Additionally, the proposed pbp-out was investigated by mutagenesis studies. A pbp-out triple mutant was cloned that harbored the mutations V682D, L697D, and Y700D.
The constructed plasmids harboring different variants of HlyB protein were co-transformed into chemically competent E. coli BL21(DE3) cells along with pSU2627_hlyC(159 bp)-hlyA plasmid. Cell colonies harboring plasmids pK184_hlyBD and pSU2627_hlyC(159 bp)-hlyA were used as positive controls. Test expression of clones secreting HlyA was performed in shaking flasks employing directly the supernatant of cultures for analysis by SDS-PAGE. The test expression experiments were performed with three biological replicates.

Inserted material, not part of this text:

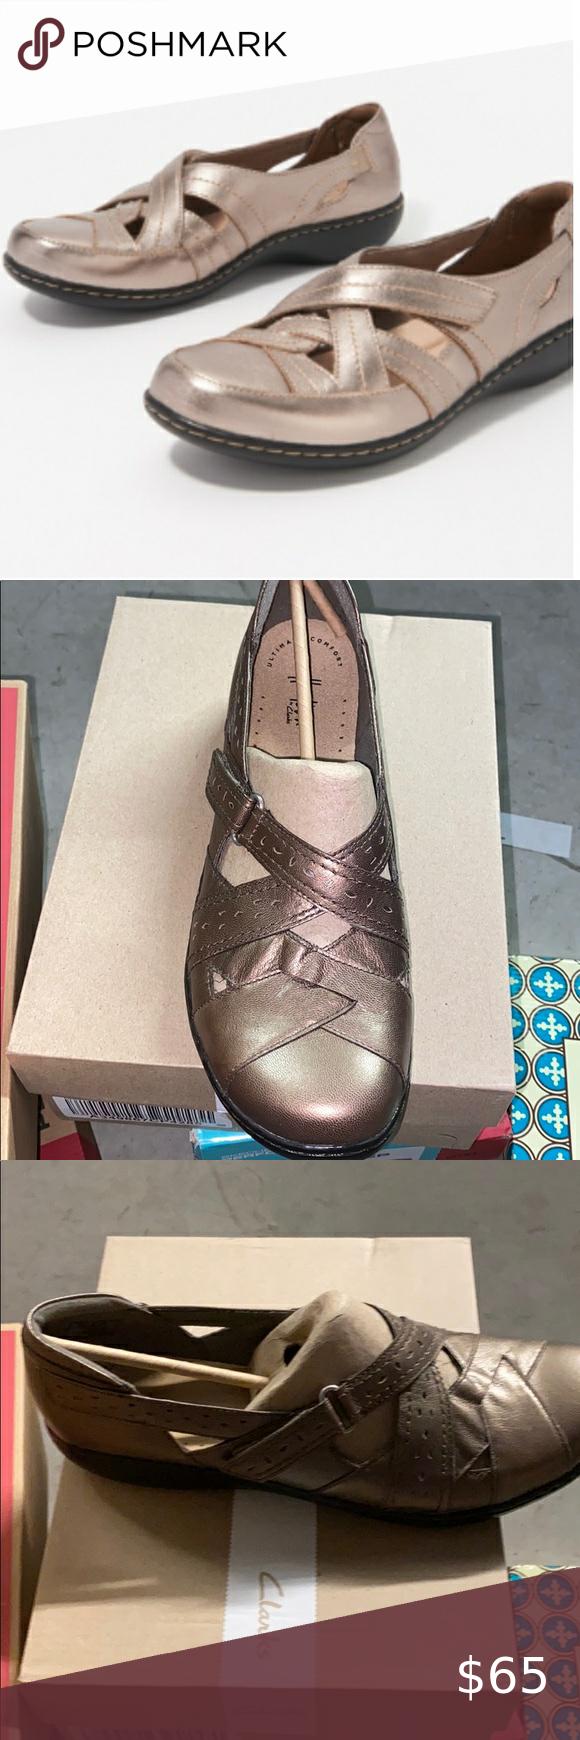 New Clarks Leather Slip-Ons - Ashland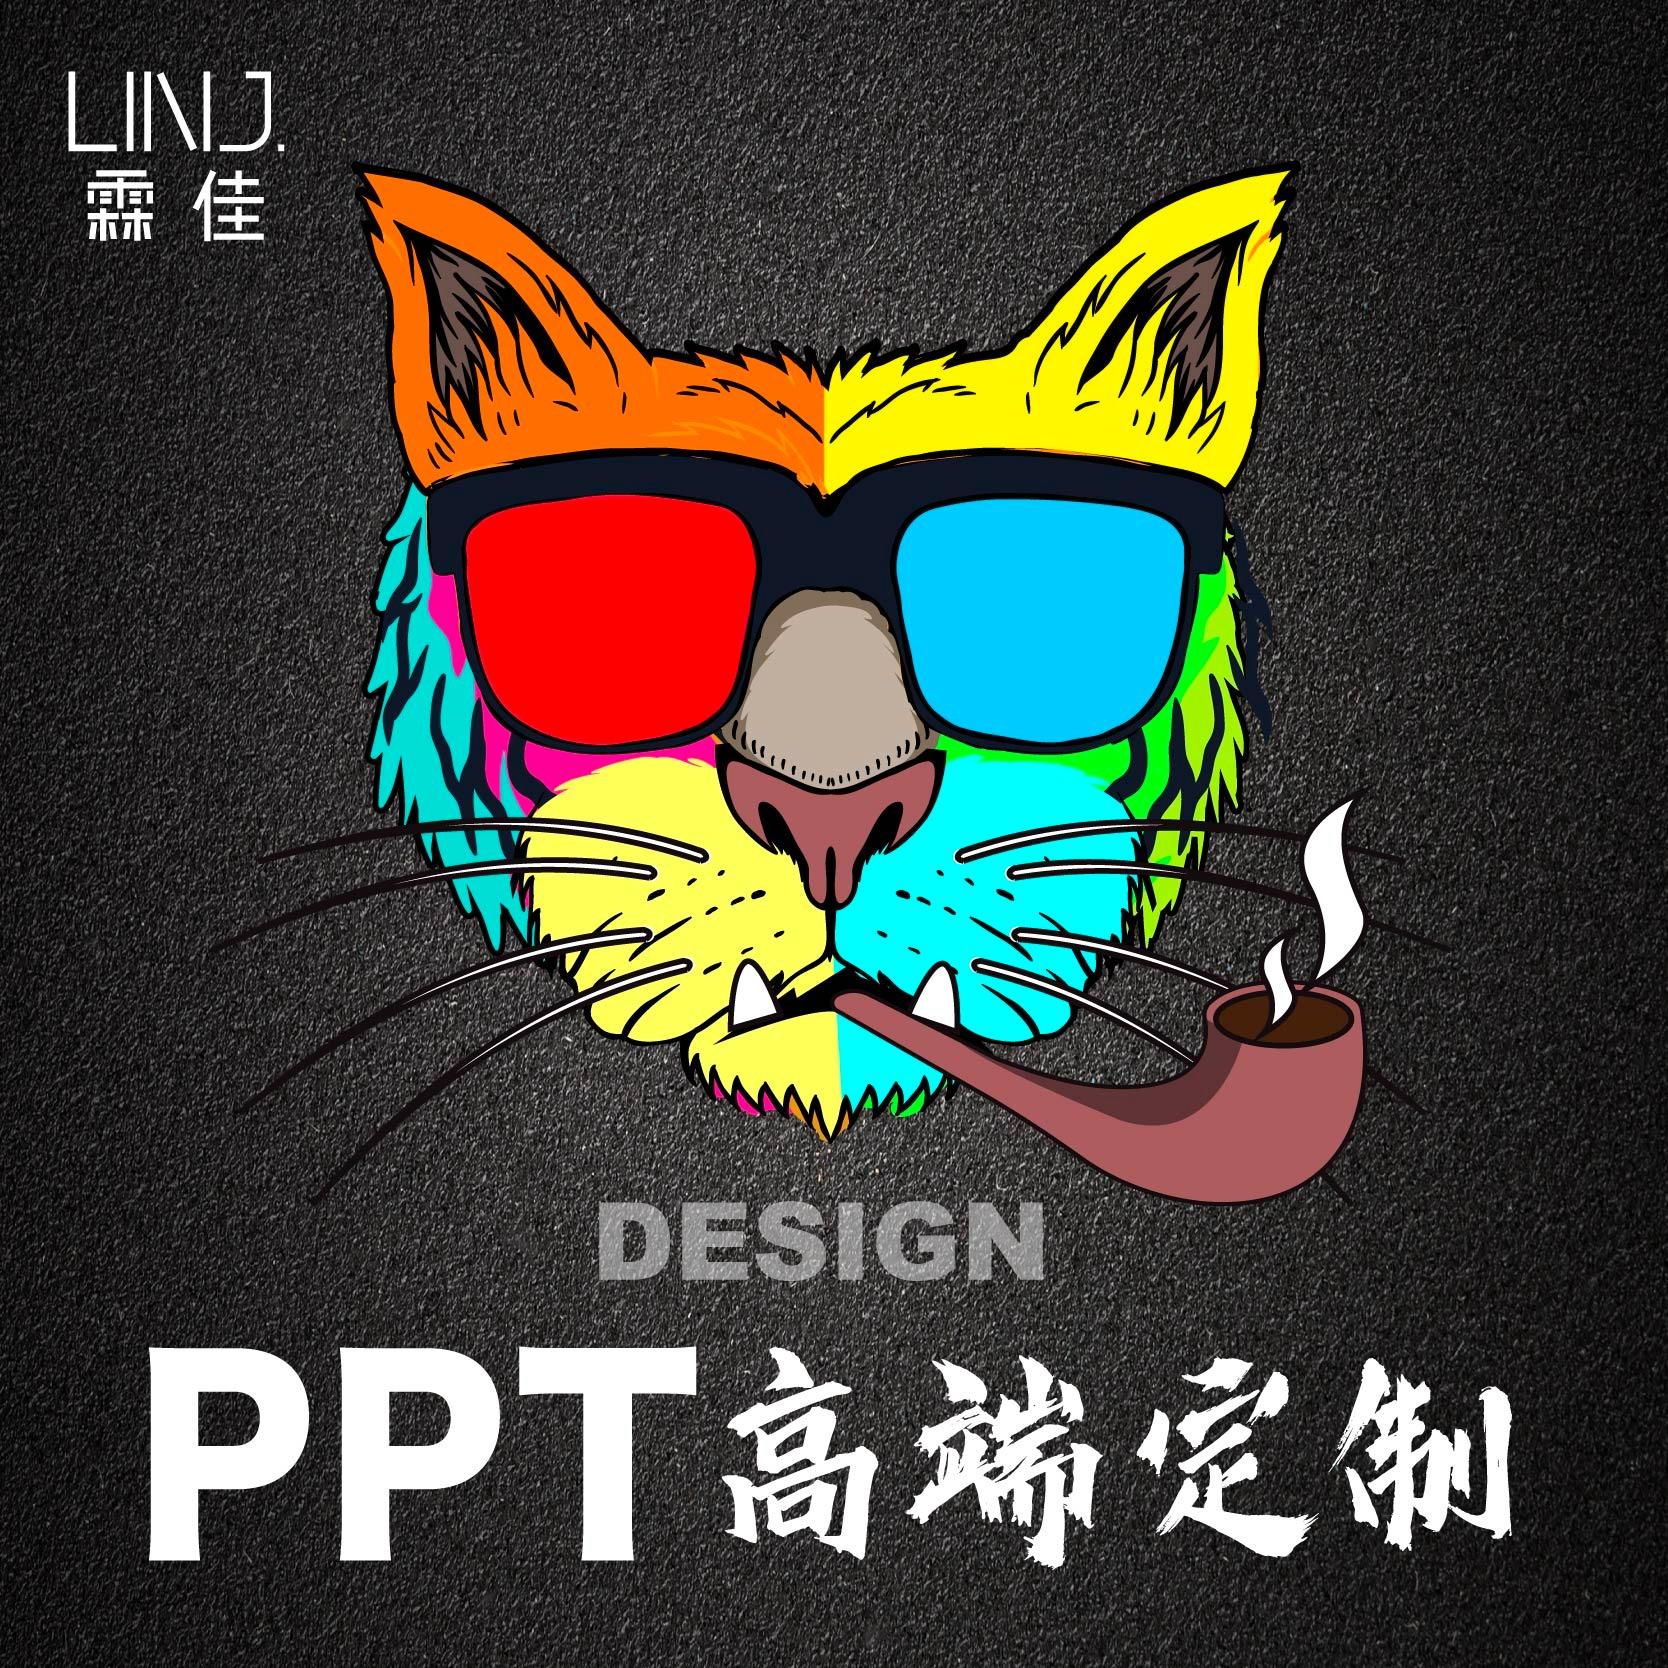 【PPT定制】发布会/企业培训/政府报告/商业计划书策划设计

Interestingly, we observed that neither the double pbp-in mutant (Figure 2A), triple pbp-in (Figure 2B), nor triple pbp-out mutant (Figure 2B) were able to secrete HlyA. However, in the same condition the positive controls were able to secrete HlyA (Figures 2A,B).
Figure 2. Secretion of proHlyA through the HlyA T1SS, in which HlyB harbors mutation. (A) SDS-PAGE analysis of the supernatant (unconcentrated) of clones secreting HlyA, in which HlyB is the wild type (control) or contains double mutations in pbp-in. (B) SDS-PAGE analysis of the supernatant (unconcentrated) of clones secreting HlyA, in which HlyB is the wild type (control), triple mutations in the pbp-in, or triple mutations in the pbp-out. Western blotting of E. coli cells (whole cells) demonstrated that (C,E) HlyB and (D,F) HlyD were expressed for all three mutants at levels comparable to the control cells. M, marker proteins; the molecular weight of the marker proteins is given on the left; xh, unconcentrated supernatant of culture, where x denotes the number of hours after induction.
The expression level of HlyB and HlyD of the different mutants was analyzed using Western blotting demonstrating that HlyB (Figures 2C,E) and HlyD (Figures 2D,F) were successfully expressed in the different mutants. Thus, the lack of secretion of the mutants observed in our test secretion experiments cannot be attributed to the lack of the HlyA secretion system apparatus or individual components.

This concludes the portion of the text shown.